Supreme Court, Suffolk County
May 3, 2019
2019 N.Y. Slip Op. 34259 (N.Y. Sup. Ct. 2019)

Opinion

Index 18-618460

05-03-2019

LISA EDSON and EVANS EDSON, individually and on behalf of the ESTATE OF LEWIS L. EDSON, a/k/a LEWIS LEFFERTS EDSON, Plaintiffs), v. JOAN MARRTNAN, Defendant

PLAINTIFFS' ATTORNEY: ANTHONY H. PALUMBO, ESQ. DEFENDANT PRO SE: JOAN MARRINAN


Unpublished Opinion

PLAINTIFFS' ATTORNEY: ANTHONY H. PALUMBO, ESQ.

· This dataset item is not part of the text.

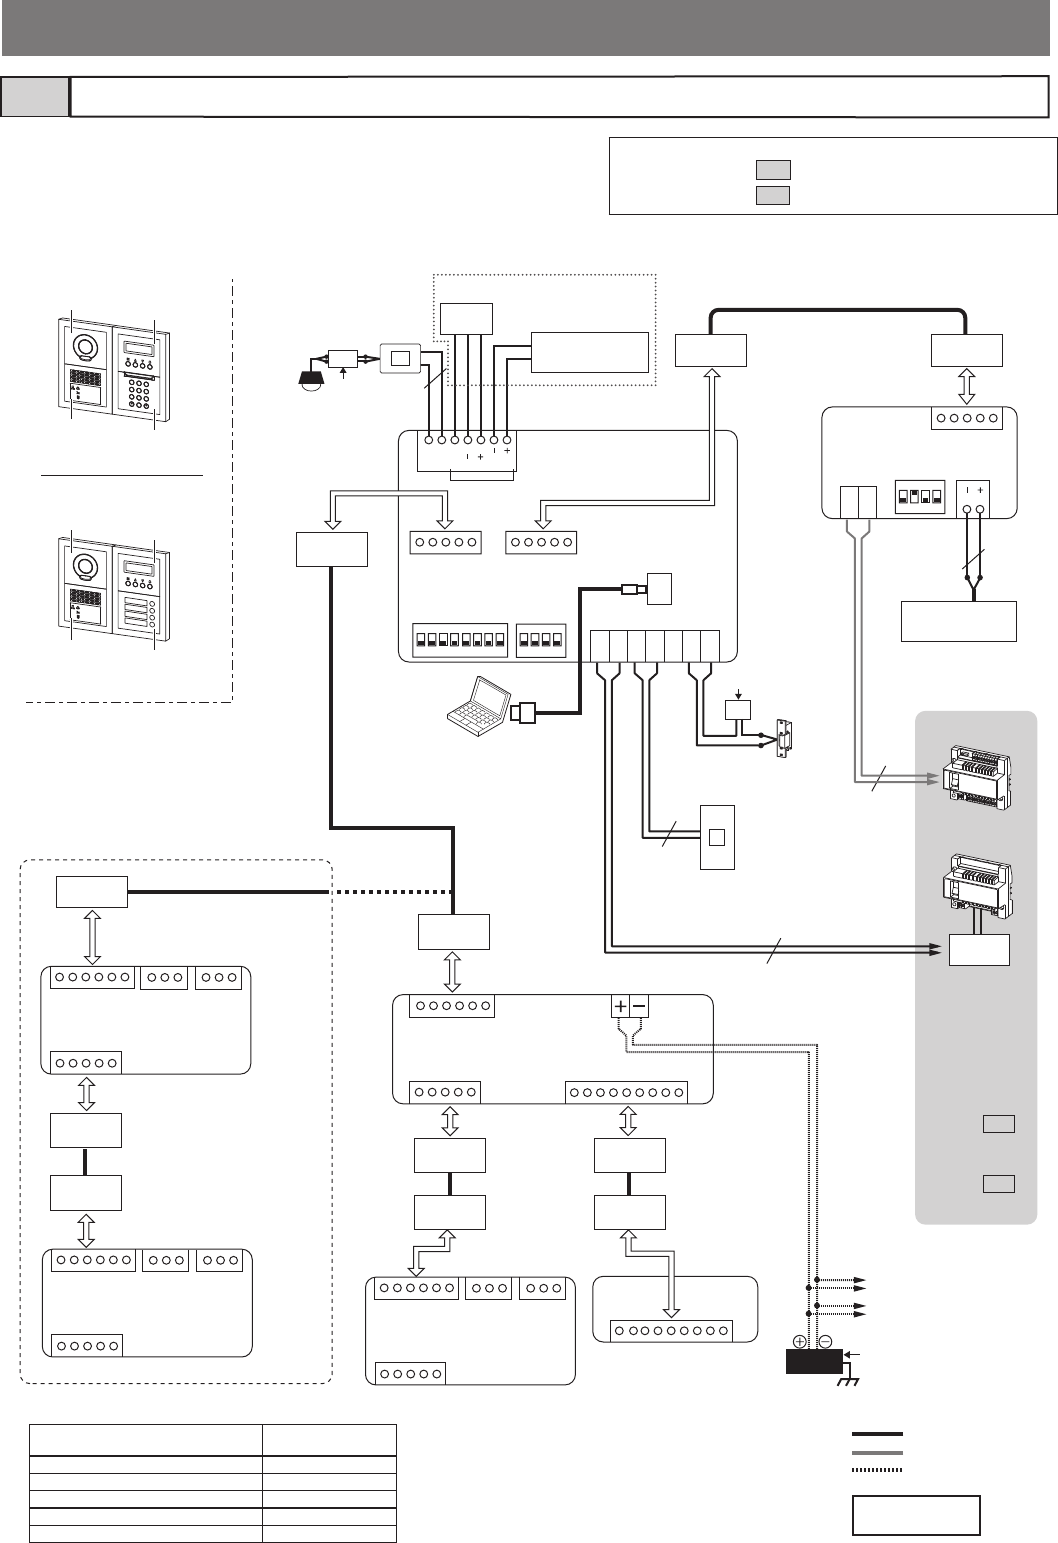 Aiphone Gt Installation En 17 03 B

DEFENDANT PRO SE: JOAN MARRINAN

Hon. SANFORD NEIL BERLAND Acting Justice

Sanford Neil Berland, Judge

Upon the reading and filing of the following in this matter: (1) Motion brought by Order to Show Cause, by plaintiffs, granted October 2, 2018, and supporting papers; (2) Affirmation in Opposition, by defendant, filed February 20, 2019, and supporting papers; (3) Reply by plaintiffs, filed February 25, 2019; (4) Notice of Motion, by defendant, filed November 15, 2018, and supporting papers; (5) Notice of Cross-Motion, by plaintiffs, filed April 2, 2019, and supporting papers; (6) Affirmation in Opposition, by defendant, filed April 22, 2019; (7) Notice of Motion, by defendant, filed April 10, 2019, and supporting papers; it is 1

ORDERED that plaintiffs' motion (seq. #004) pursuant to CPLR § 602(a), for an order consolidating the instant action with the action entitled Lisa Edson and Evans Edson et al - against -Matthew Marrinan and Channing Edson Marrinan, and appearing under index number 7803/2016 is granted to the extent that the actions are joined for purposes of joint discovery and joint trial, and is otherwise denied; and it is further

A prior motion seeking identical relief and sequenced # 003 was withdrawn due to a drafting error by plaintiffs.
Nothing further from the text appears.